PEKANBARU - Pemerintah Kota (Pemko) Pekanbaru berencana melakukan penyesuaian besaran Nilai Jual Objek Pajak (NJOP) di Kota Pekanbaru. Penyesuaian ini nantinya bakal menyesuaikan dengan harga pasaran.
"Ini untuk mendorong pelaku usaha untuk lebih fair, sehingga NJPO sesuai dengan harga pasar di tengah masyarakat," tegas Plt Kepala Badan Pendapatan Daerah (Bapenda) Kota Pekanbaru, Ingot Ahmad Hutasuhut.
Menurutnya, untuk sektor perumahan dan masyarakat berpenghasilan rendah bakal ada stimulus yang signifikan.
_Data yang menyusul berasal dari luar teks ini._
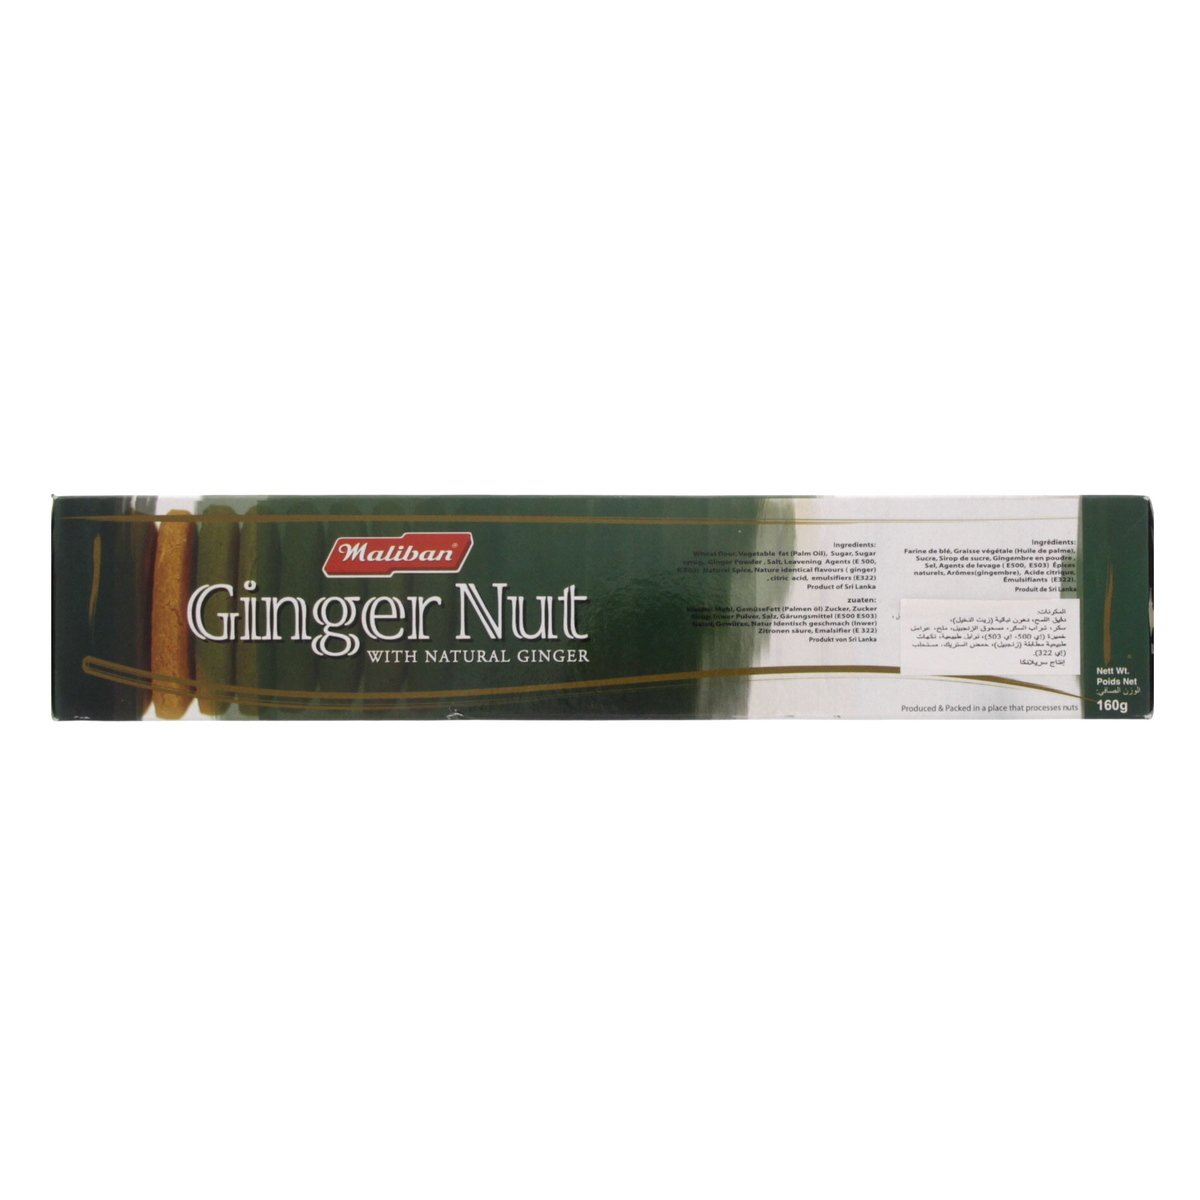 Maliban Ginger Nut With Natural Ginger 160g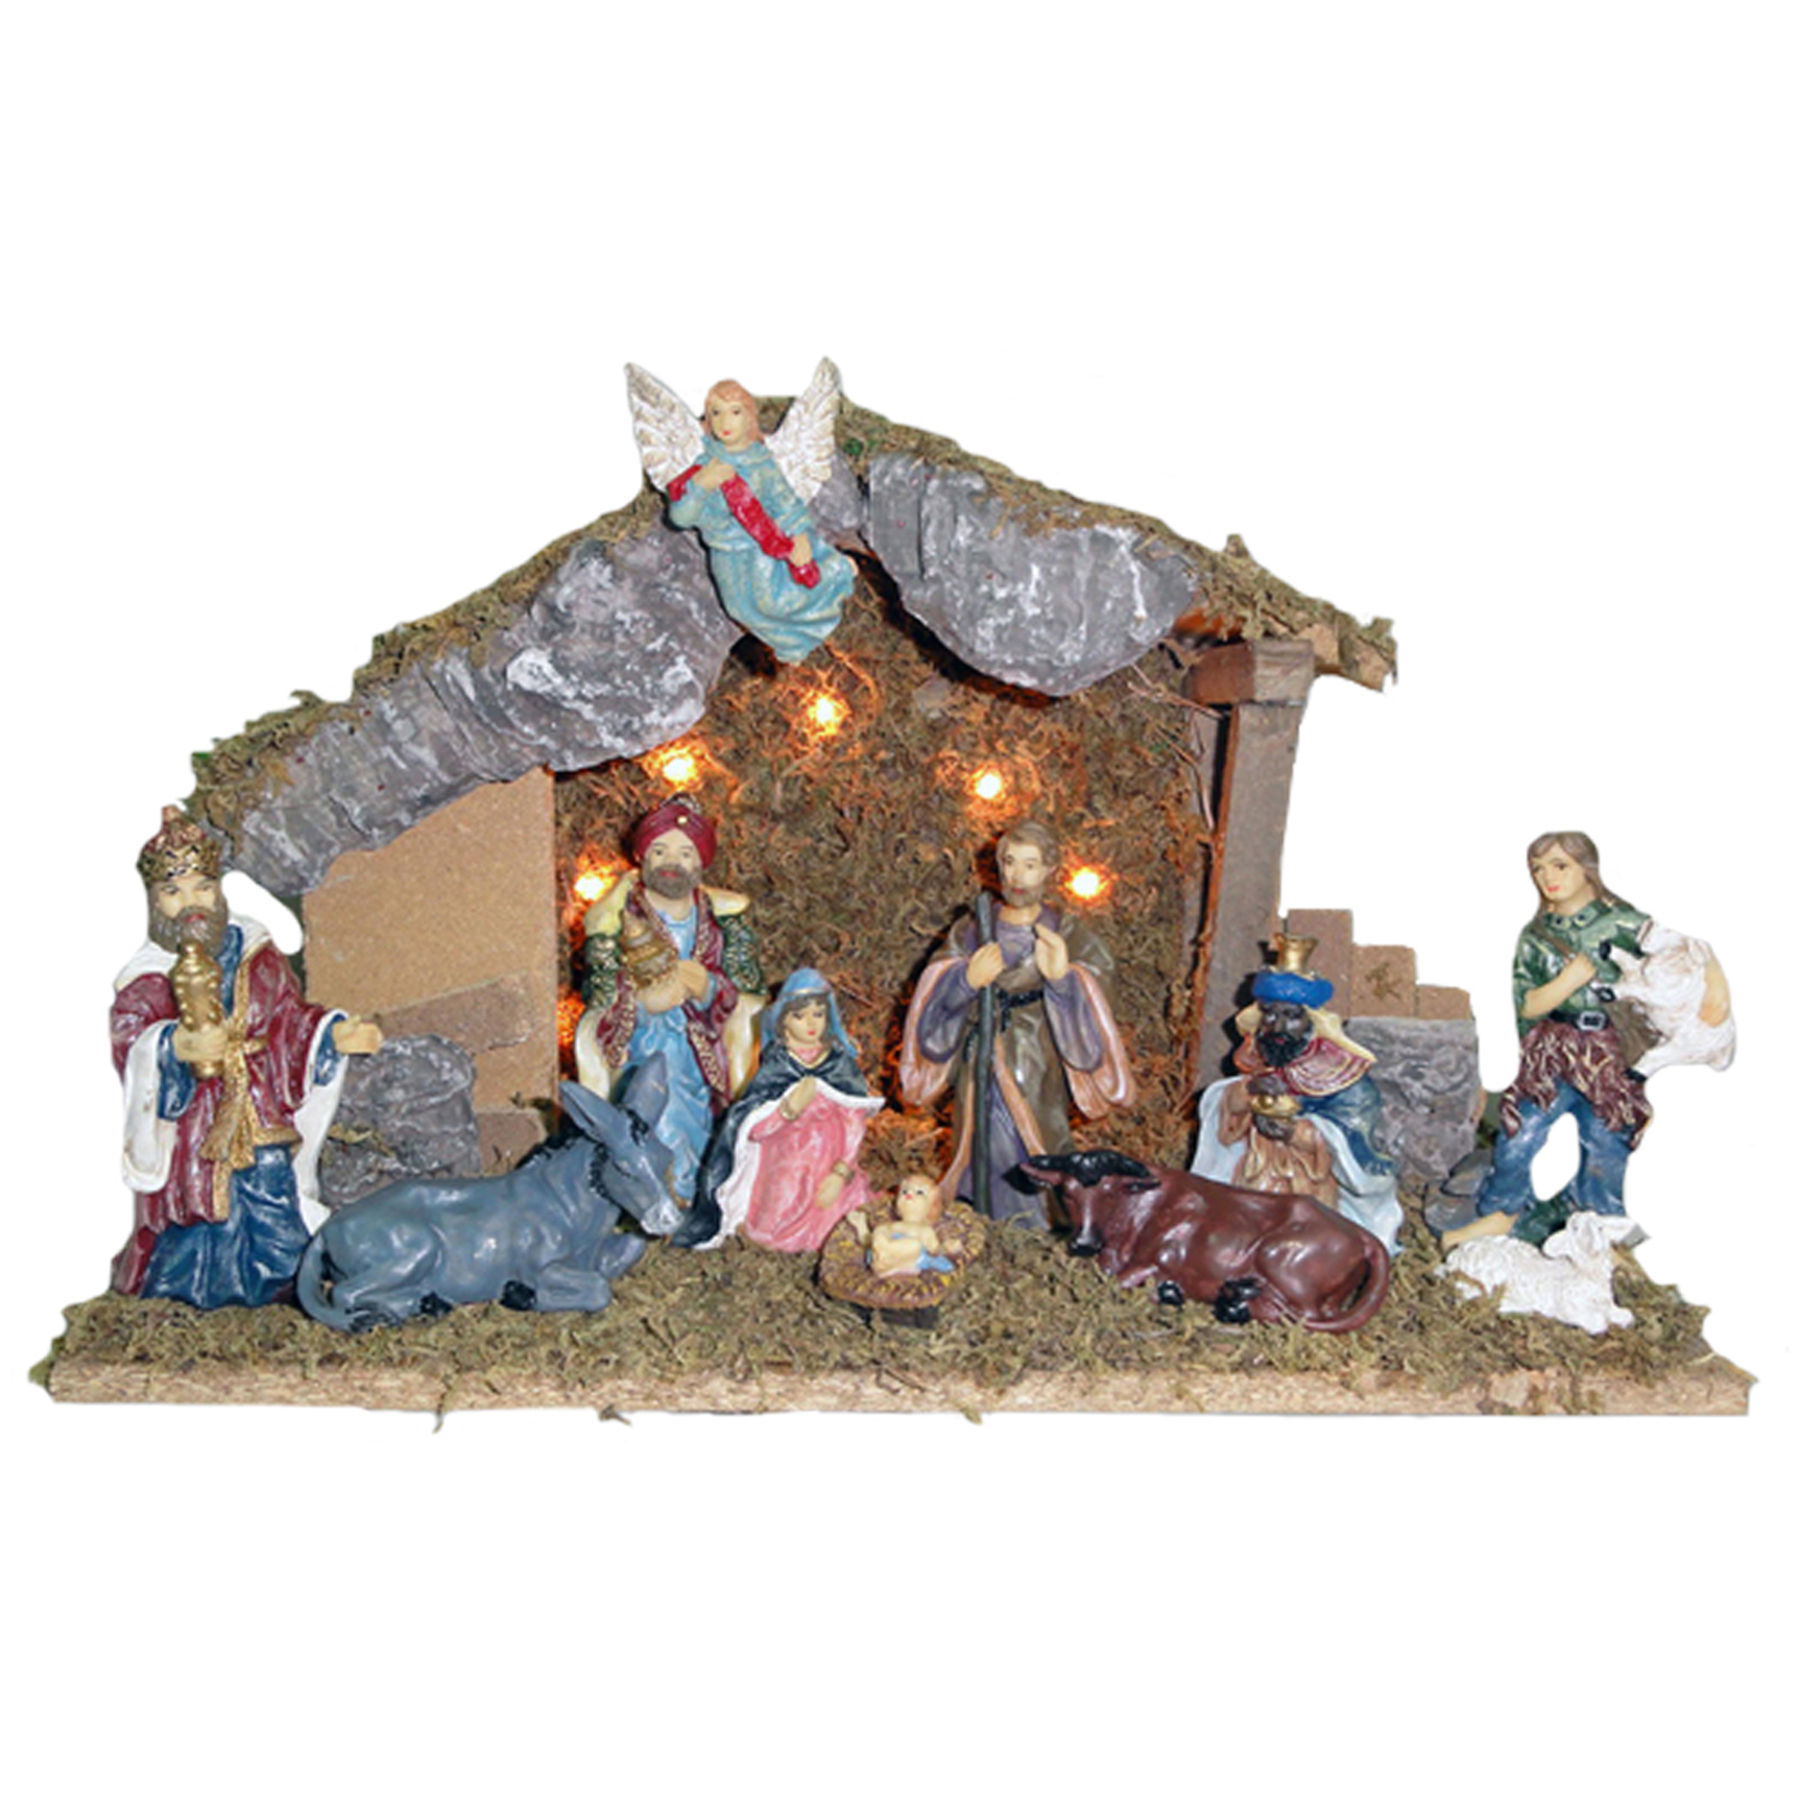 Kurt Adler 15.35" Lighted Wooden Stable with 11 Resin Figures Nativity Set Christmas Decoration

Ia menyebut ketika NJPO naik nantinya tagihan PBB P2 tidak mengalami kenaikan.
"Tetapi tagihan PBB nya tidak mengalami kenaikan, kita usahakan seperti itu," paparnya.
Ingot menyebut bahwa pemerintah kota sedang mempersiapkan peraturan wali kota atau perwako untuk diterapkan tahun 2026 mendatang. Ia menyampaikan bahwa regulasi tersebut hampir final.
Dirinya menyebut bahwa penyesuaian ini untuk mengoptimalkan pendapatan daerah guna mendorong pembangunan daerah. Penyesuaian ini pada saat yang sama menjaga ekonomi masyarakat agar besaran PBB P2 tidak mengalami kenaikan.
"Atau besaran PBB P2 masih di angka yang wajar, sehingga terjangkau oleh masyarakat," jelasnya.
Ingot menjelaskan bahwa pemerintah kota berharap dua target bisa tercapai. Kondisi ini diharapkan bisa mendorong pendapatan daerah tapi tidak memberatkan masyarakat.
Dirinya menjelaskan bahwa penyesuaian ini merupakan satu amanat dari Undang-Undang No.1 Tahun 2022 tentang Hubungan Keuangan antara Pemerintah Pusat dan Pemerintahan Daerah. Perwako tersebut juga berpedoman kepada Peraturan Daerah (Perda) Kota Pekanbaru No.1 tahun 2024 tentang Pajak Daerah dan Retribusi Daerah. (Kominfo7/RD2)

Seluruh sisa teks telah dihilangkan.